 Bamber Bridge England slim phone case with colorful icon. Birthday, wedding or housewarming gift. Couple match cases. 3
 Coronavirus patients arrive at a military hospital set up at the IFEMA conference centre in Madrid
--
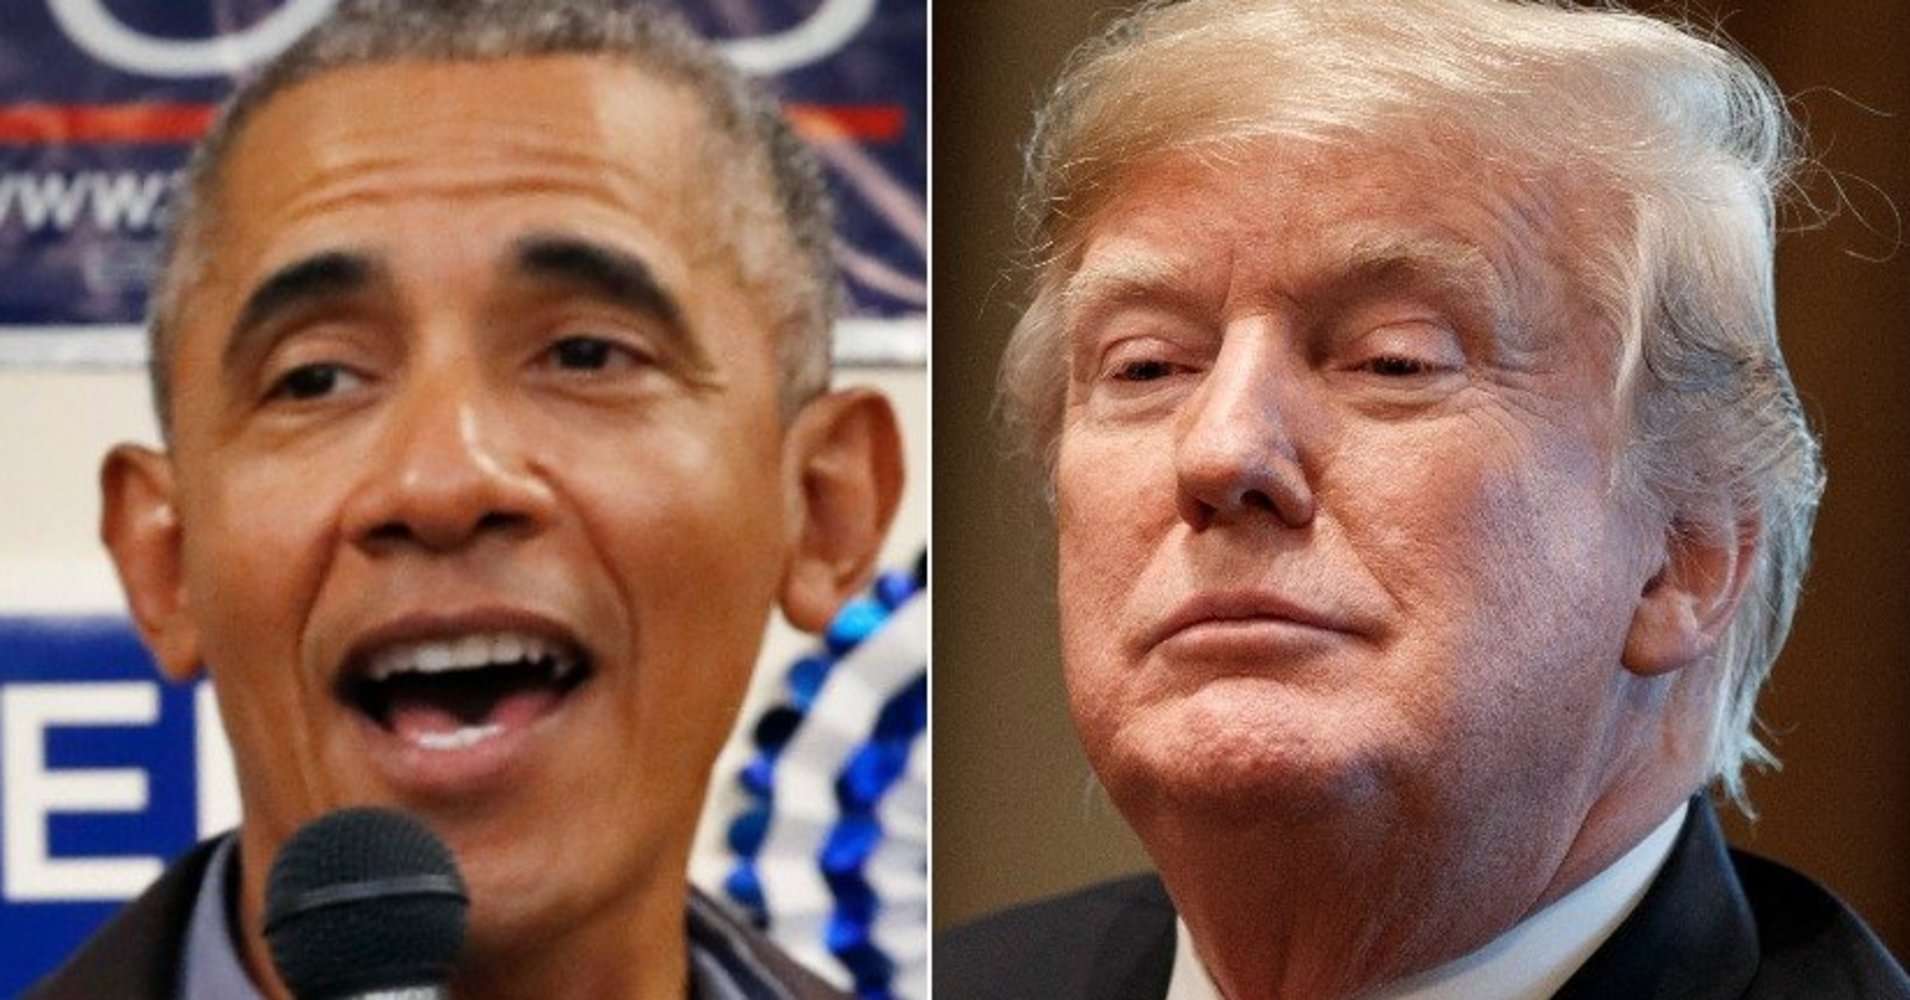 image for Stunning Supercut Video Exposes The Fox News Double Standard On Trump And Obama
==
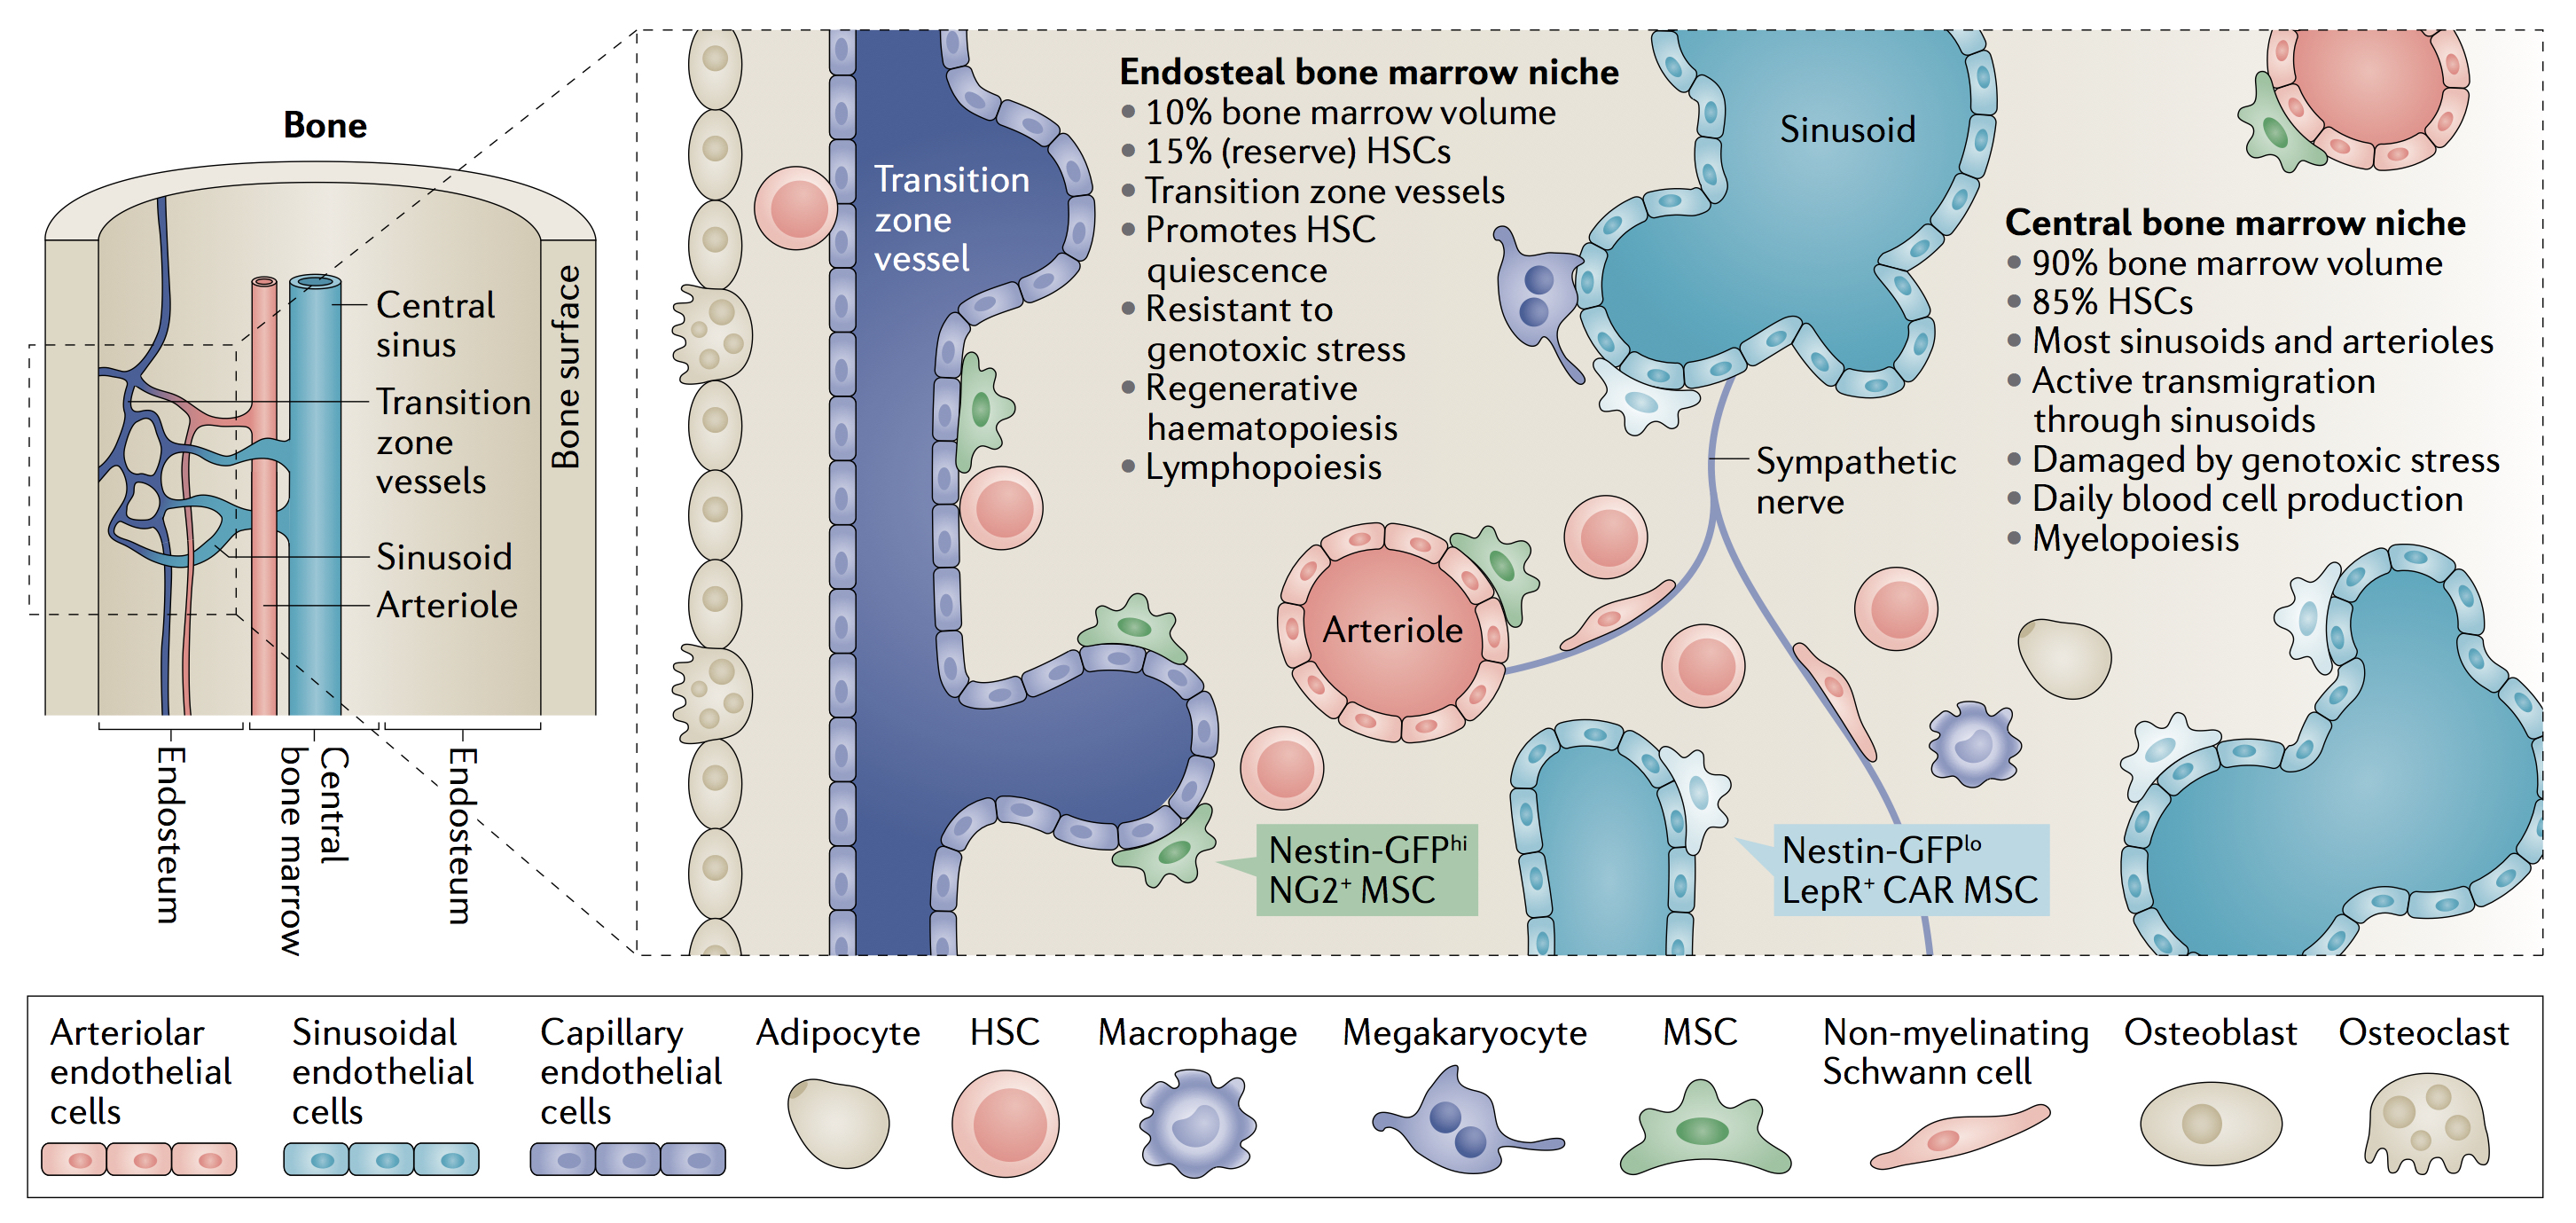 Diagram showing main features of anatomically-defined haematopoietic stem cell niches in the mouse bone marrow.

Instructions for the task: Return the span of lines in the data above that opens at the line with "Bamber Bridge England" and closes at the line with "Coronavirus patients arrive", exactly, ends included, nothing else.

Response box:
 Bamber Bridge England slim phone case with colorful icon. Birthday, wedding or housewarming gift. Couple match cases. 3
 Coronavirus patients arrive at a military hospital set up at the IFEMA conference centre in Madrid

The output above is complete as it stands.